Wednesday, July 28, 2010

TV Shrink Provides Insights On Our Insecurities

When you write a blog about legal issues, your "beat" essentially is human dysfunction.

No doubt, a fair number of legal cases are generated by mistakes--someone accidentally does something that harms another person. But I would wager that a very large number are driven by sheer human meanness--cases where someone intentionally harms another.

What causes that kind of dysfunction? The longer I'm on this earth, the more I think life revolves around insecurities. Perhaps as a coping mechanism, I've tried to appreciate both the serious and the comic sides of insecurities.

We all have insecurities, of course. Those who generally treat others in an honorable fashion, I suspect, tend to deal with their insecurities in a healthy fashion. Those who mistreat other people--and other living beings, for that matter--probably do it out of an inability to deal with their insecurities.

I'm not sure if professionals would back me up on this. But I've had quite a bit of experience in being cheated over the past few years, and I've come to believe that some of the most destructive people you are likely to encounter are those who cannot keep their insecurities in check.

For purposes of this blog, we're generally not talking about people who are likely to do you immediate physical harm. We're talking about people who intentionally hurt others in the professional setting, who cause emotional, financial, and psychological destruction--and that, of course, eventually can lead to physical damage.

A book has been written about such people. It's called Snakes in Suits and focuses on people who exhibit psychopathic traits in the professional arena. If you are interested in what makes dangerous people tick, I highly recommend it.

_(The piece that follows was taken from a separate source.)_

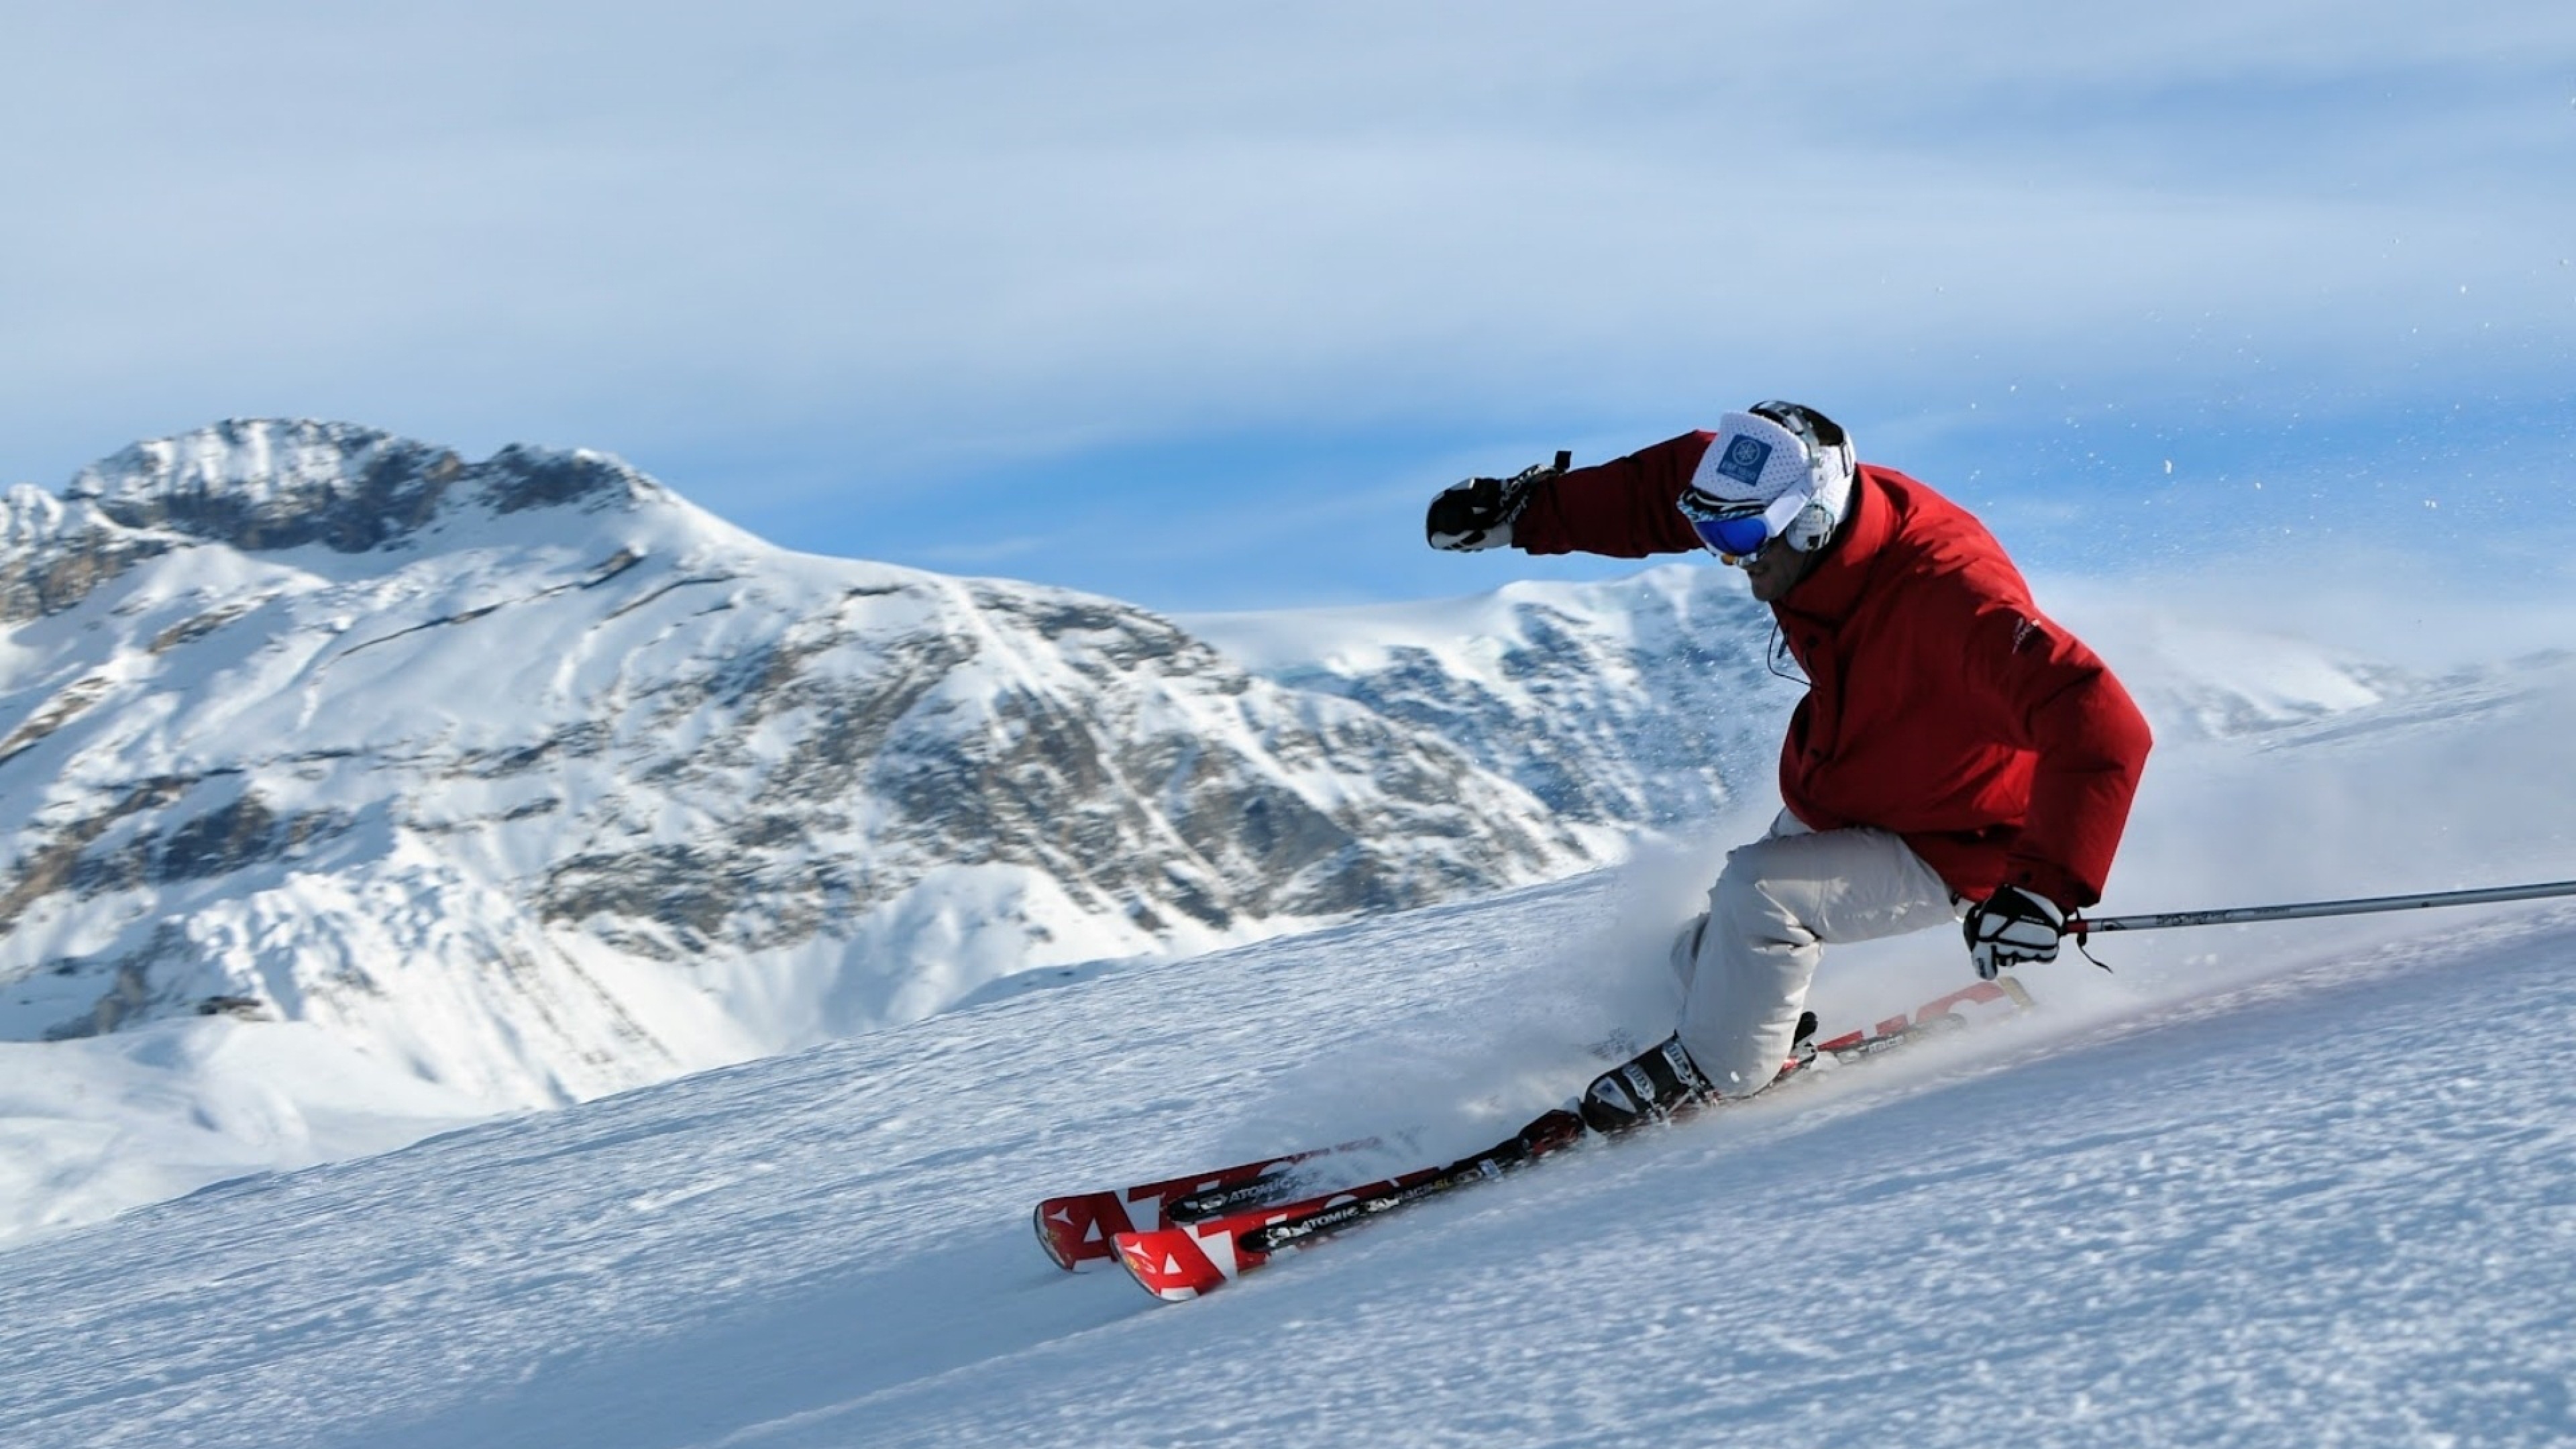 Wallpaper Skiing Ride Slopes Skier Snow 4k

Robert D. Hare co-wrote Snakes in Suits, and I highly recommend any of his books. He is an international authority on psychopathy, and trust me, you never know when you will need his insights.

Obviously, we are dealing with a serious subject here. But what about the comic side of insecurities? For that, we turn to our TV favorite, Scrubs. In addition to being one of the funniest shows ever, Scrubs provides sharp observations on the human condition.

Some of our favorite episodes involve Molly Clock, a spacey psychiatrist played by the exceedingly fetching Heather Graham. Dr. Clock's own life shows signs of being a train wreck. But when it comes to observing others, she can be stunningly insightful.

For example, our gal Molly has an uncanny ability to discern the insecurities of others--especially when it comes to physical imperfections. What impact does this have on others? Well, let's check out this clip, which goes down as a Scrubs classic.

As someone who has a rather noticeable Adam's apple himself, this scene has always hit home for me. Just thinking about it makes me want to get out my turtleneck--even though it's July in Alabama.